* GIVEN INFORMATION
============
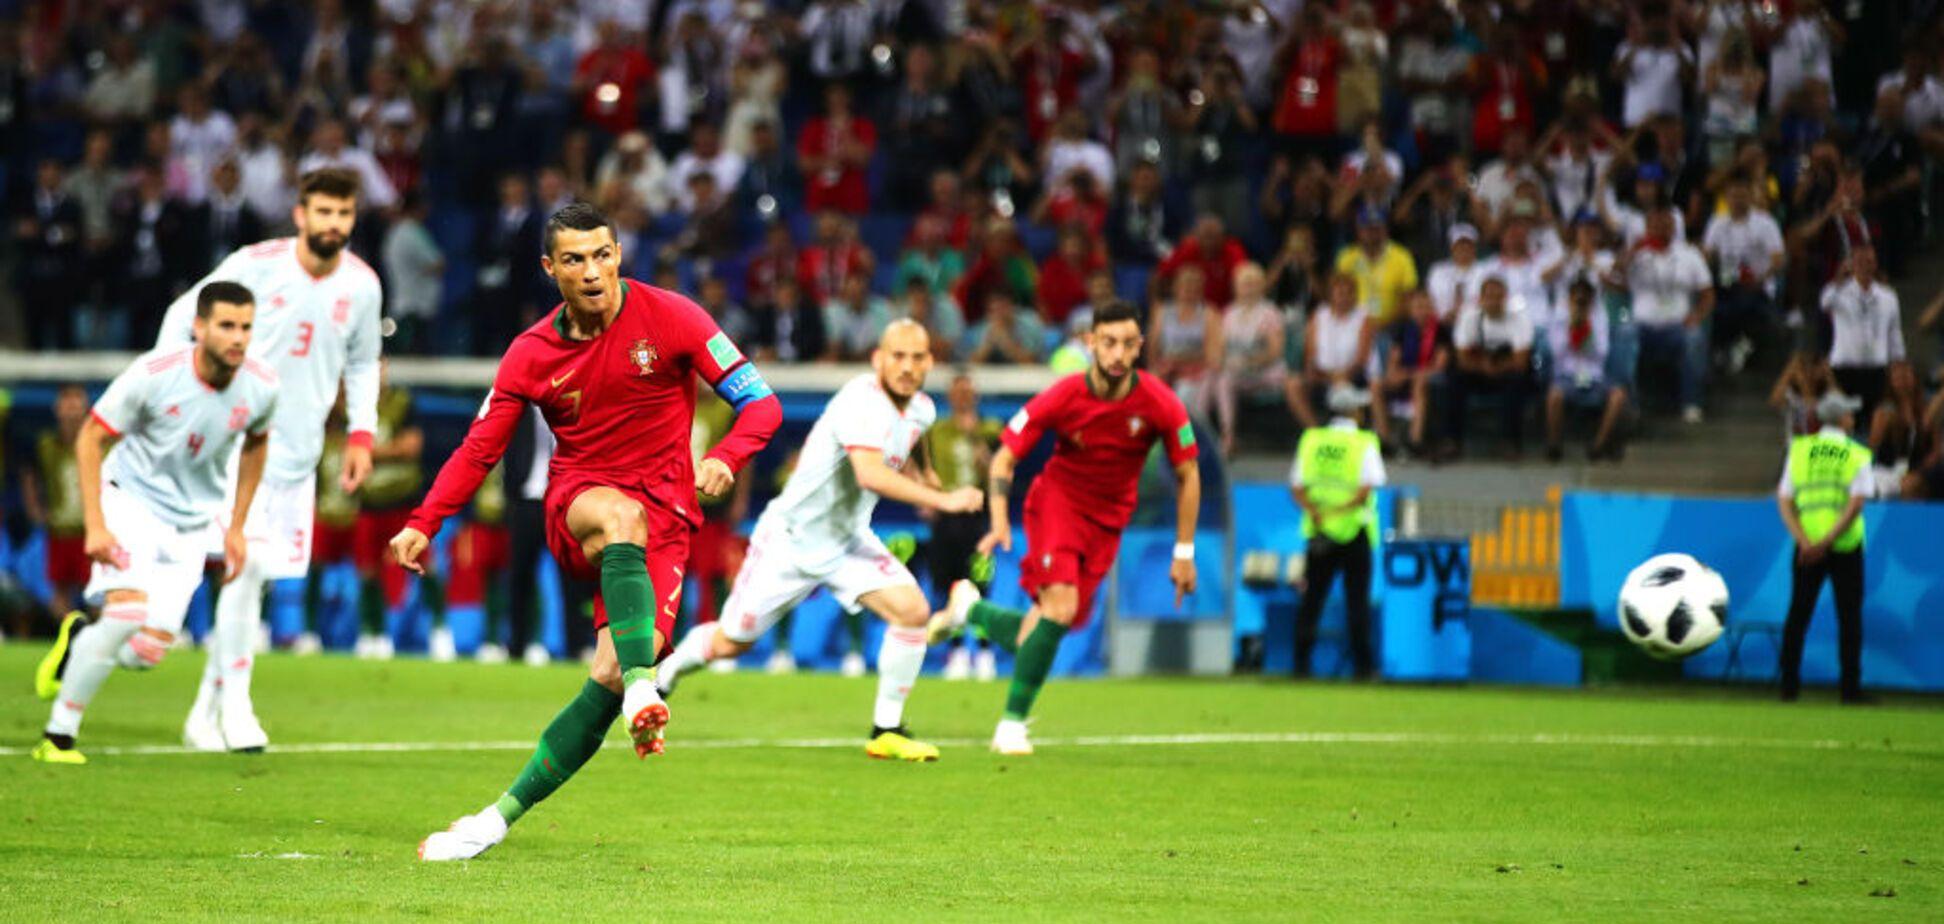 Дубль Кавані! Уругвай - Португалія: онлайн-трансляція матчу 1/8 фіналу ЧС-2018
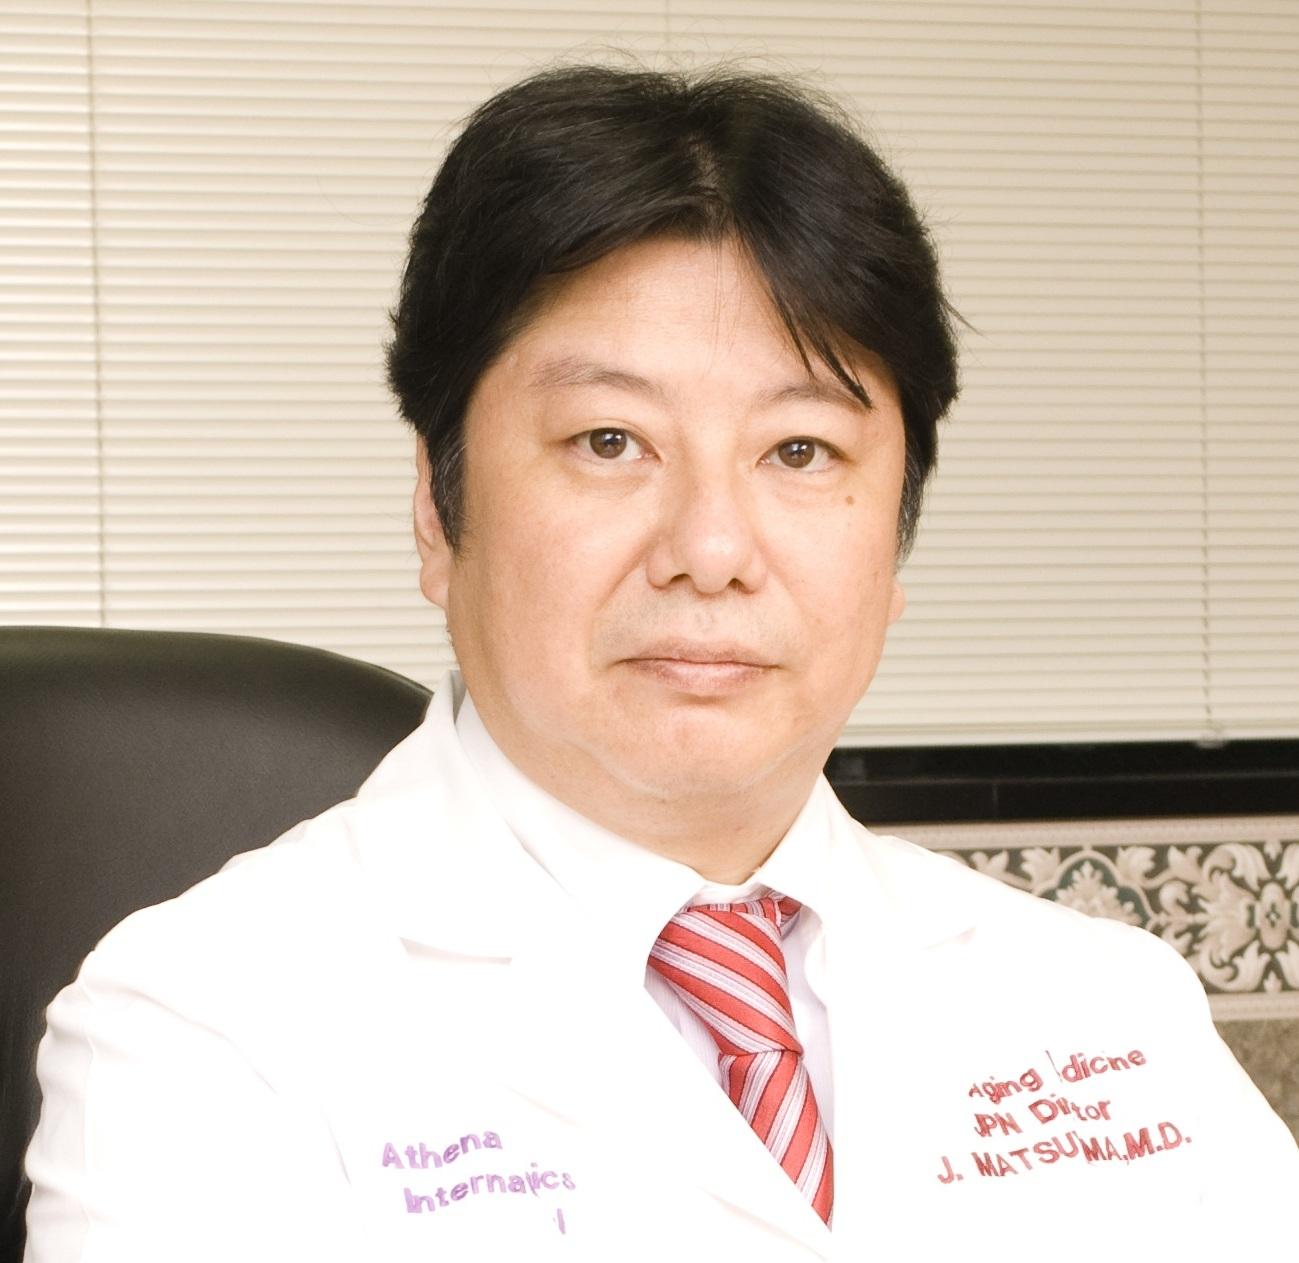 http://www.athenaclinics.com/wp-content/uploads/2013/12/Jun-MatsuyamaMD1.jpg
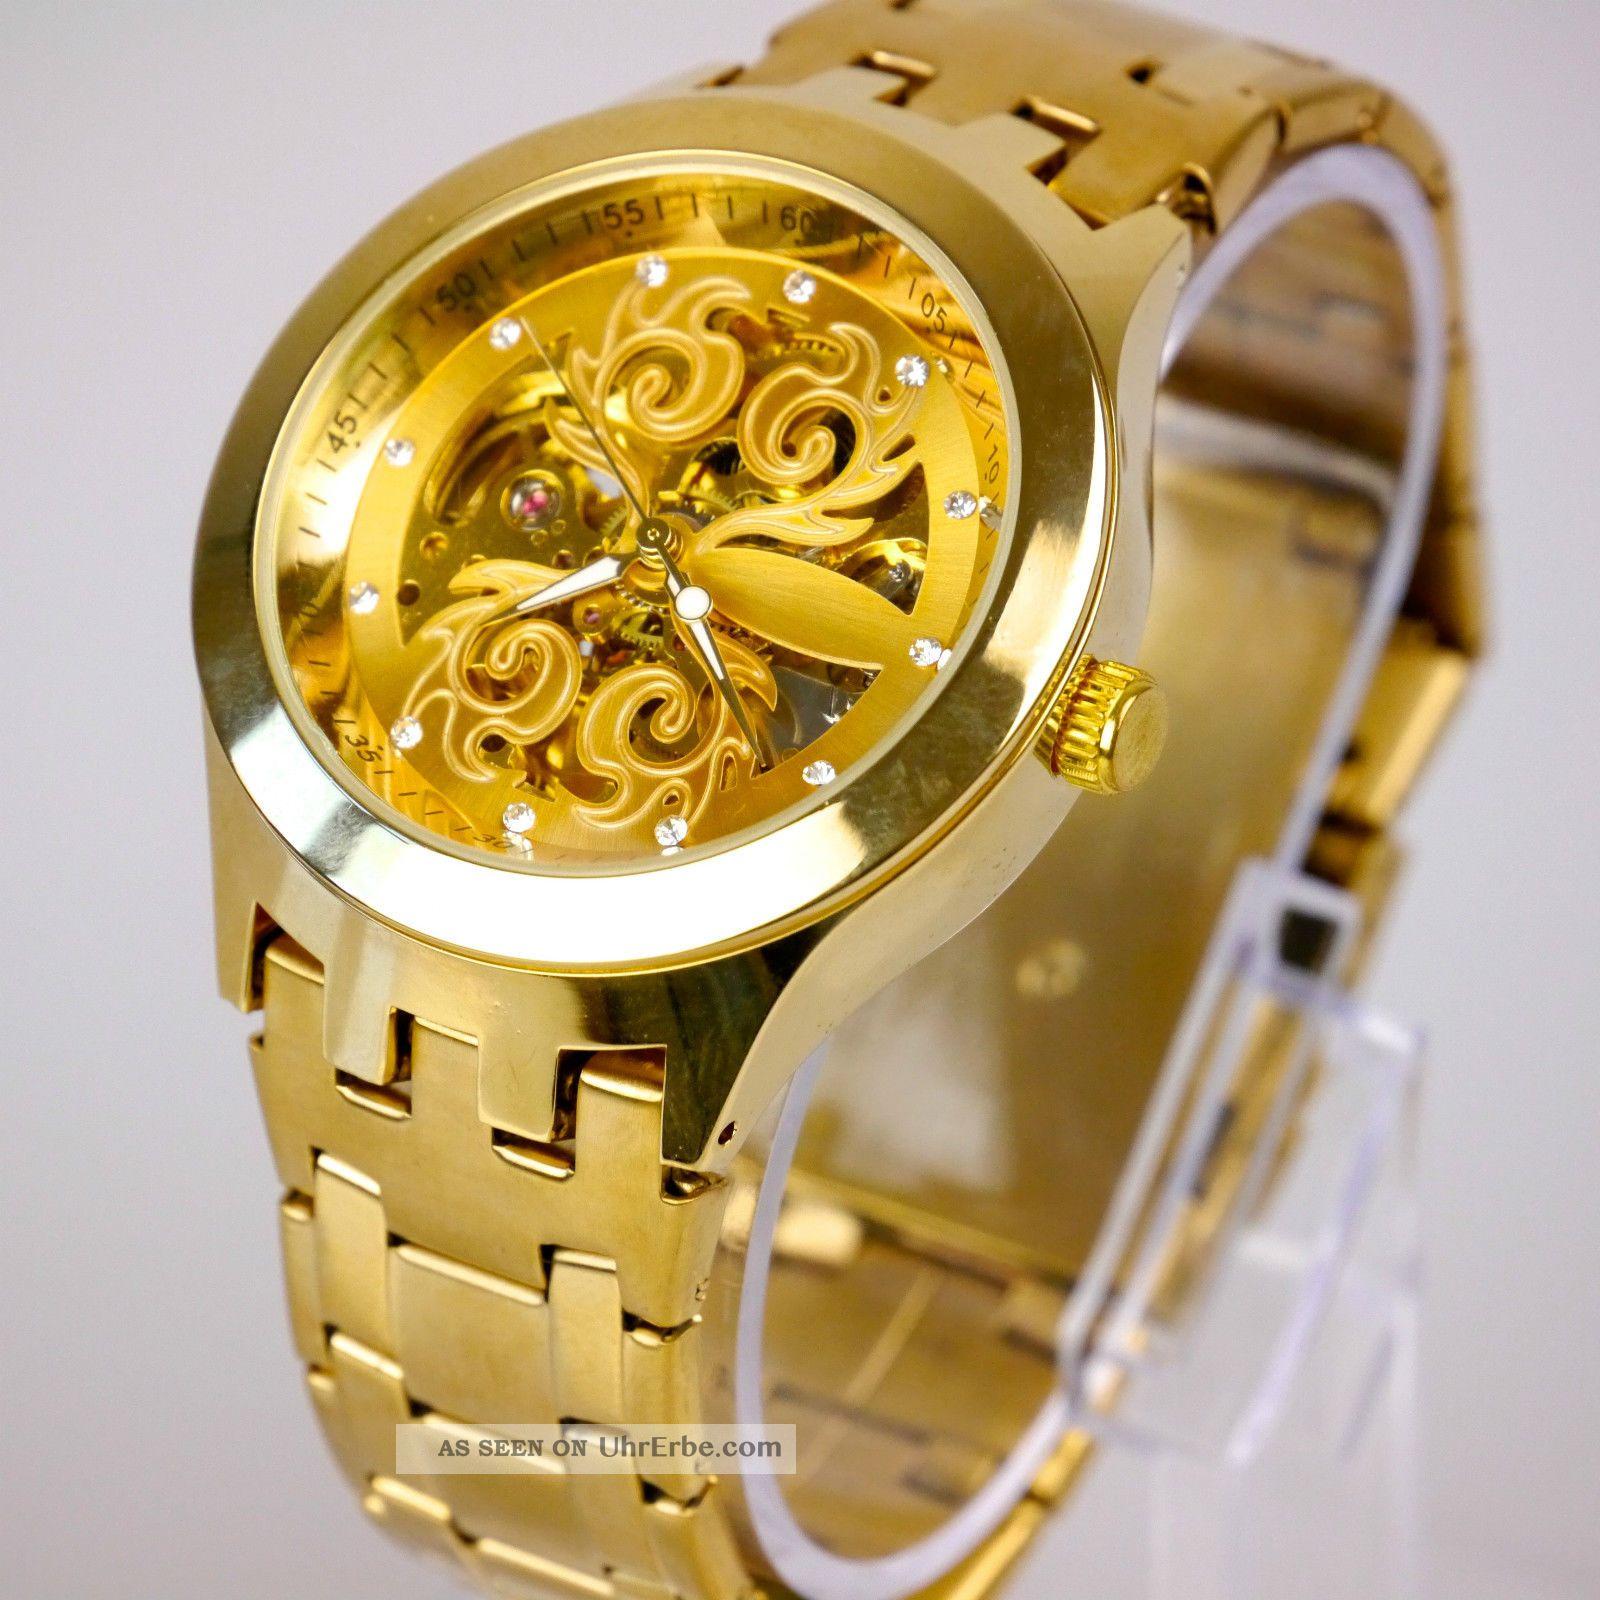 elegante herren vive automatik armband uhr goldene uhrwerk gold uvp 69. Black Bedroom Furniture Sets. Home Design Ideas
============
Without including any picture, repeat the data exactly.

* TASK ANSWER
 Дубль Кавані! Уругвай - Португалія: онлайн-трансляція матчу 1/8 фіналу ЧС-2018
 http://www.athenaclinics.com/wp-content/uploads/2013/12/Jun-MatsuyamaMD1.jpg
 elegante herren vive automatik armband uhr goldene uhrwerk gold uvp 69. Black Bedroom Furniture Sets. Home Design Ideas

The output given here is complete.